I have a few questions on the windows 8 dev preview I downloaded from msn
1. Where can I find the system requirements so I can see if my desktop can handle it?
2. On msn's site it says that it can't be uninstalled, so what does that mean exactly? A second partition and a duel boot or a vm box?
MSN seems to put out an os faster since vista and I guess 7 wasn't good enough to last more than 4 years, so where do I find the info so I can check out msn's new os?

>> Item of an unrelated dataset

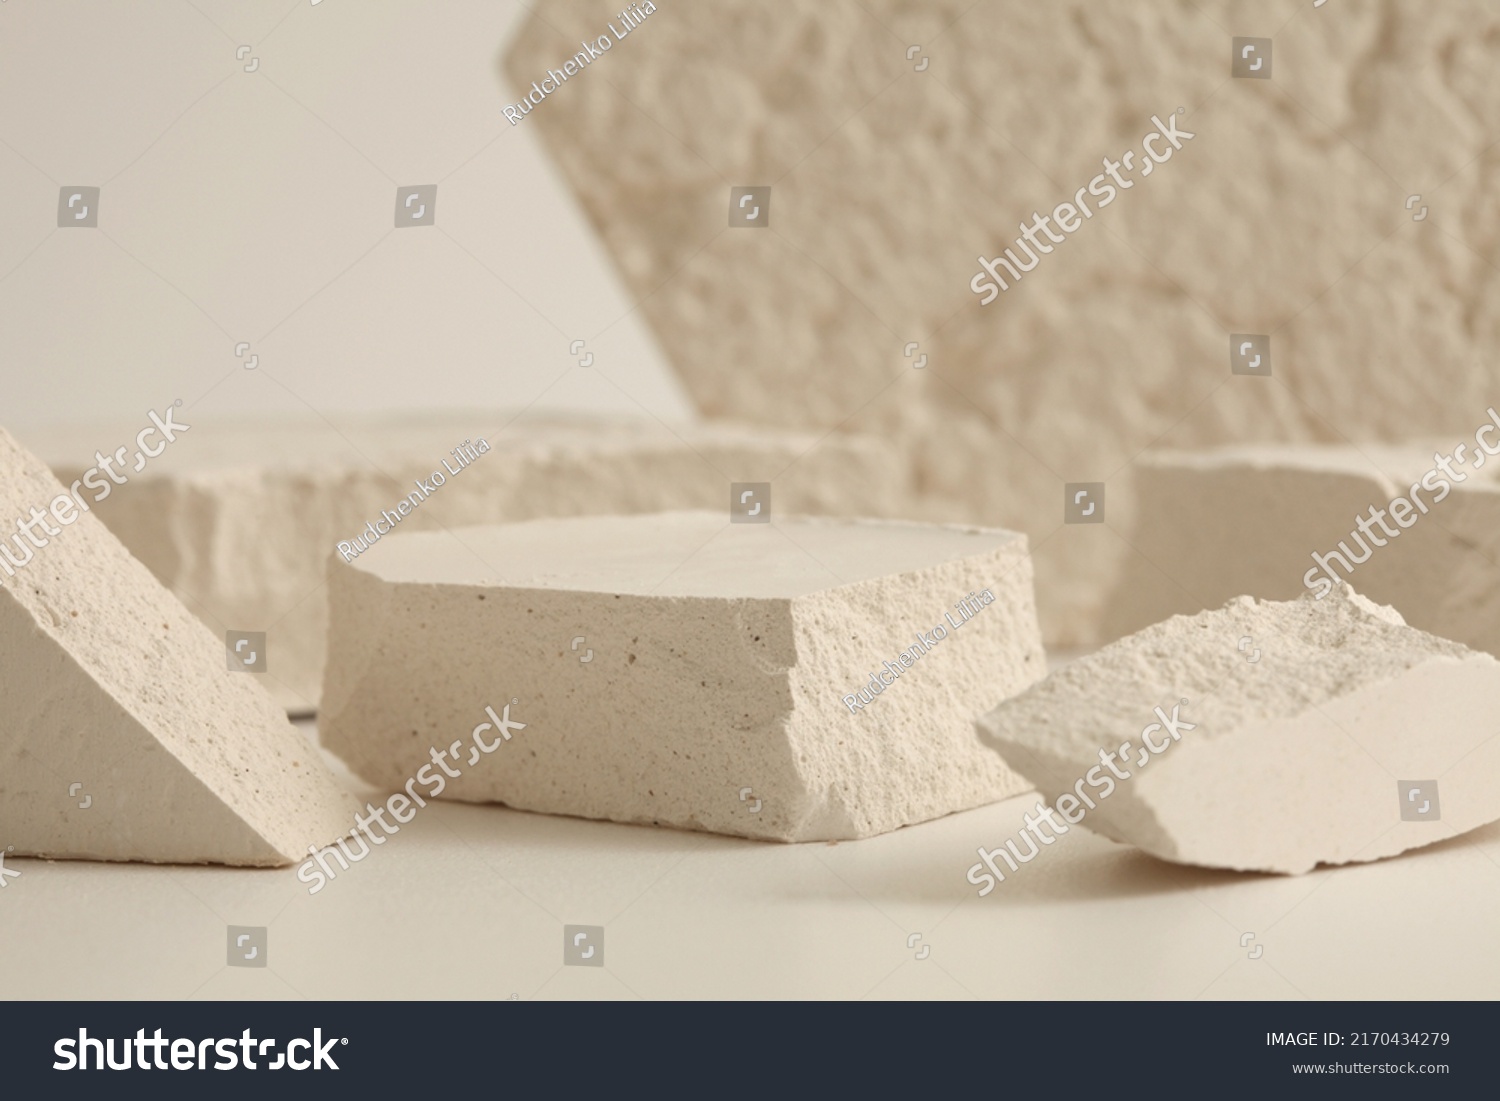 Empty gypsum stone platform eco podium on beige copy space background. Minimal still life display product presentation scene. #2170434279

BTW does the version I got from msn reqire a sn to install? or is that with the final versions?


Thanks a bunch
Erick


----------



## johnsrock (Jul 27, 2011)

*Windows 8 System Requirements*



1 gigahertz (GHz) or faster 32-bit (x86) or 64-bit (x64) processorhttp://www.technobaboy.com/2011/09/13/amd-fx-fastest-cpu/
1 gigabyte (GB) RAM (32-bit) or 2 GB RAM (64-bit)
16 GB available hard disk space (32-bit) or 20 GB (64-bit)
DirectX 9 graphics device with WDDM 1.0 or higher driver
Taking advantage of touch input requires a screen that supports multi-touch


----------



## spunk.funk (May 13, 2010)

W/8 is in Pre-Beta form and is just for developers to look at and is not close to a final edition. If you want to check it out, install it in a VM machine to easily remove it .


----------